─── THE DATA

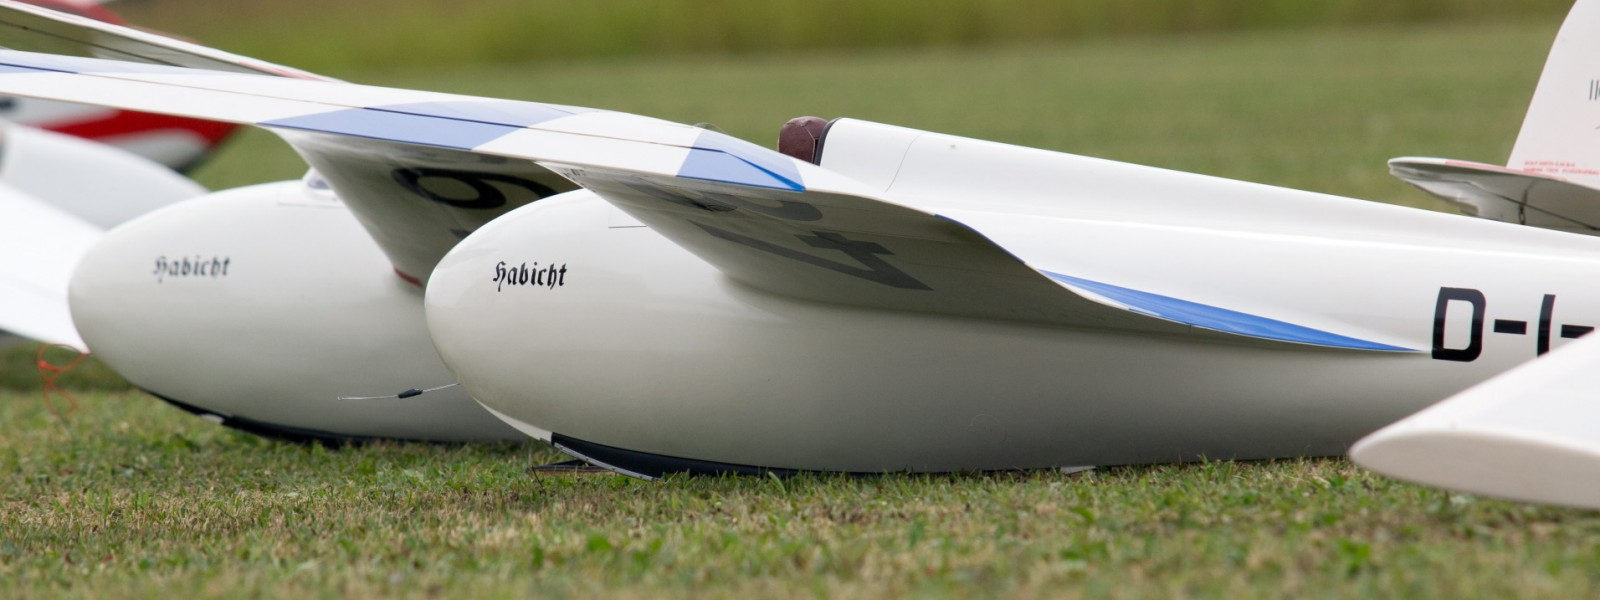 IGG Aerotow Kuivanto 8.-10.8.2014
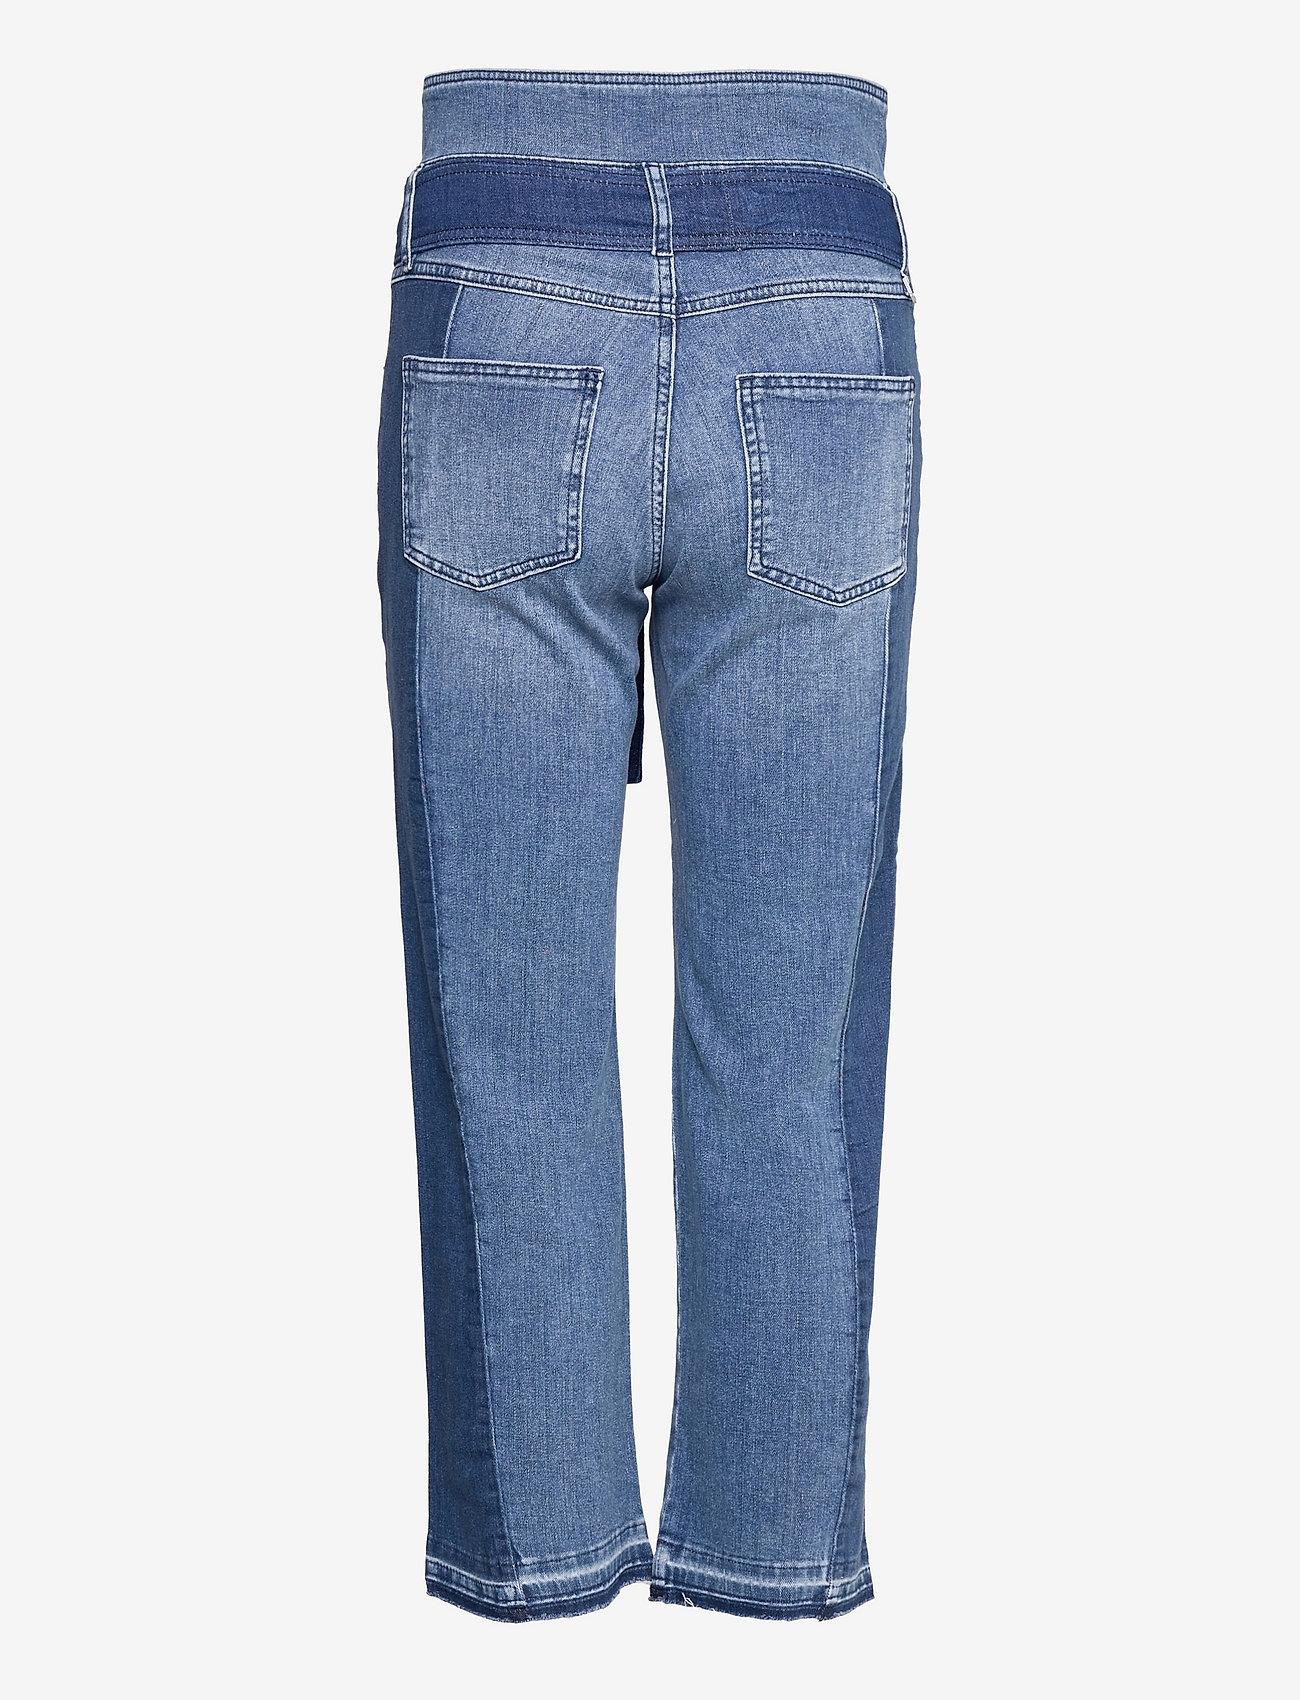 Max&Co. - FESTIVO - straight jeans - midnight blue - 1
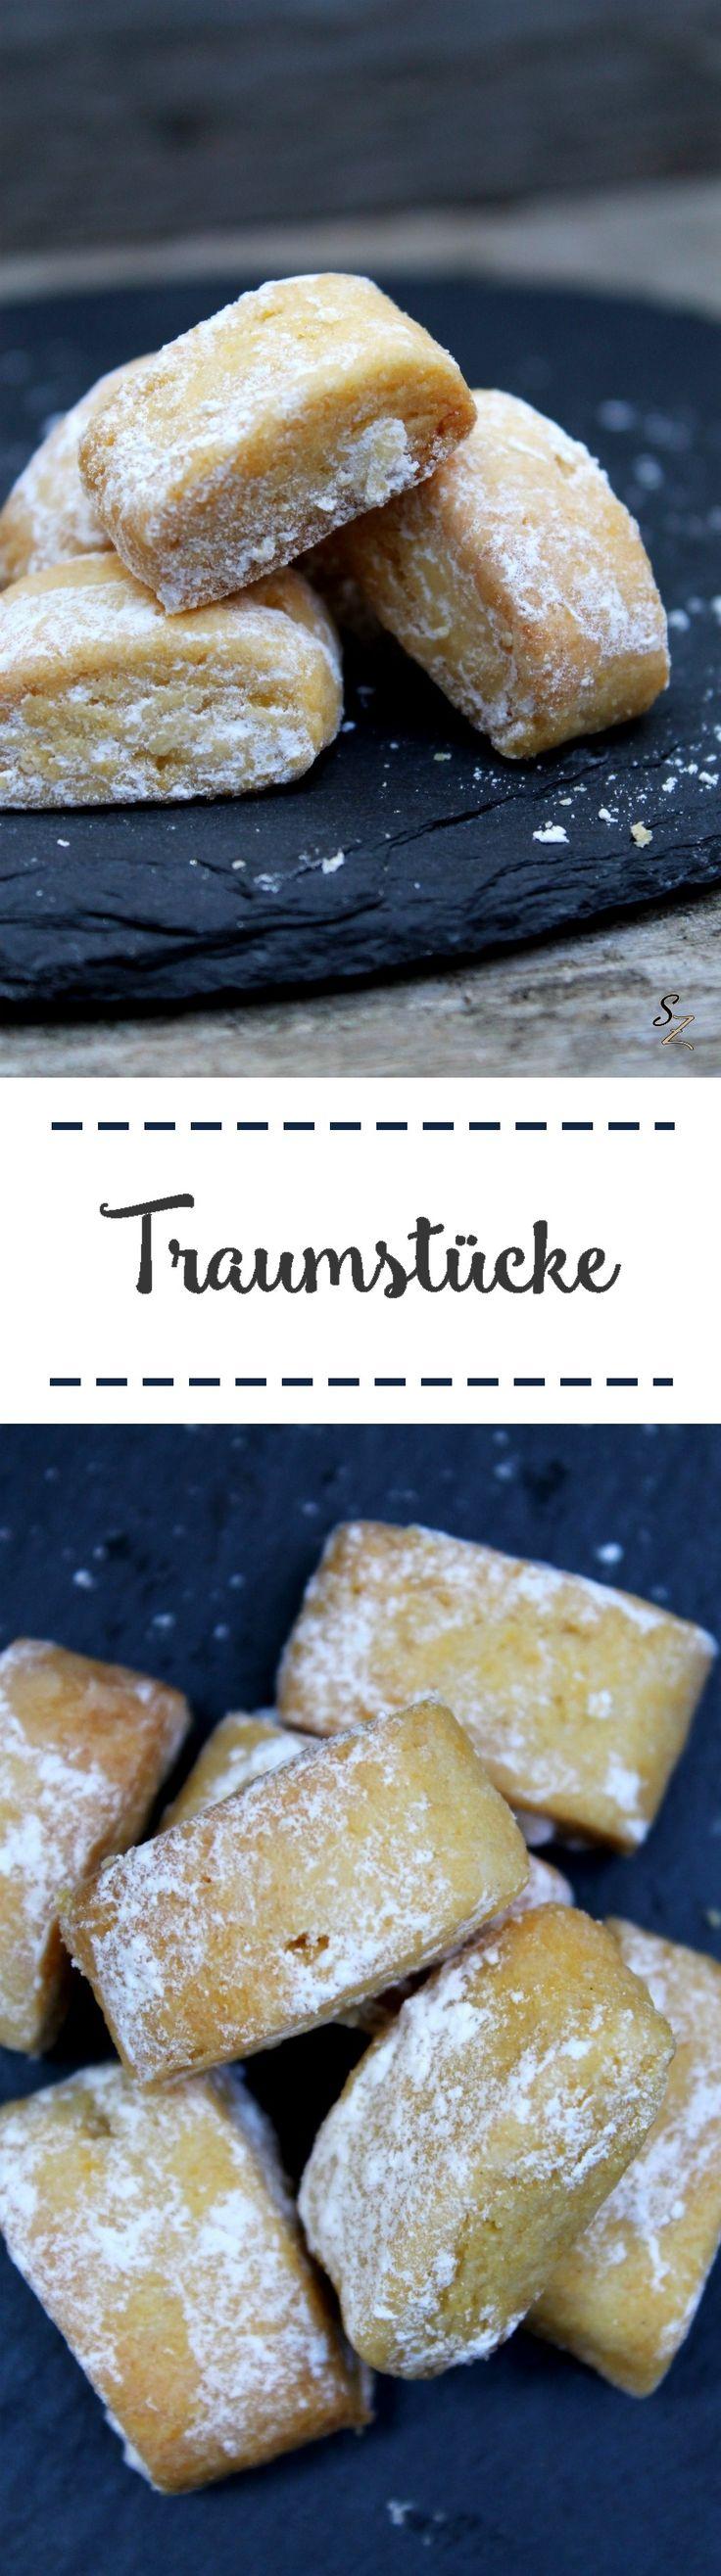 Traumstücke (Baking Pasta Recipes)

──────

INSTRUCTIONS TO FOLLOW
The pictures in the listing above are to be dropped, and everything else reproduced exactly.

YOUR RESPONSE
 IGG Aerotow Kuivanto 8.-10.8.2014
 Max&Co. - FESTIVO - straight jeans - midnight blue - 1
 Traumstücke (Baking Pasta Recipes)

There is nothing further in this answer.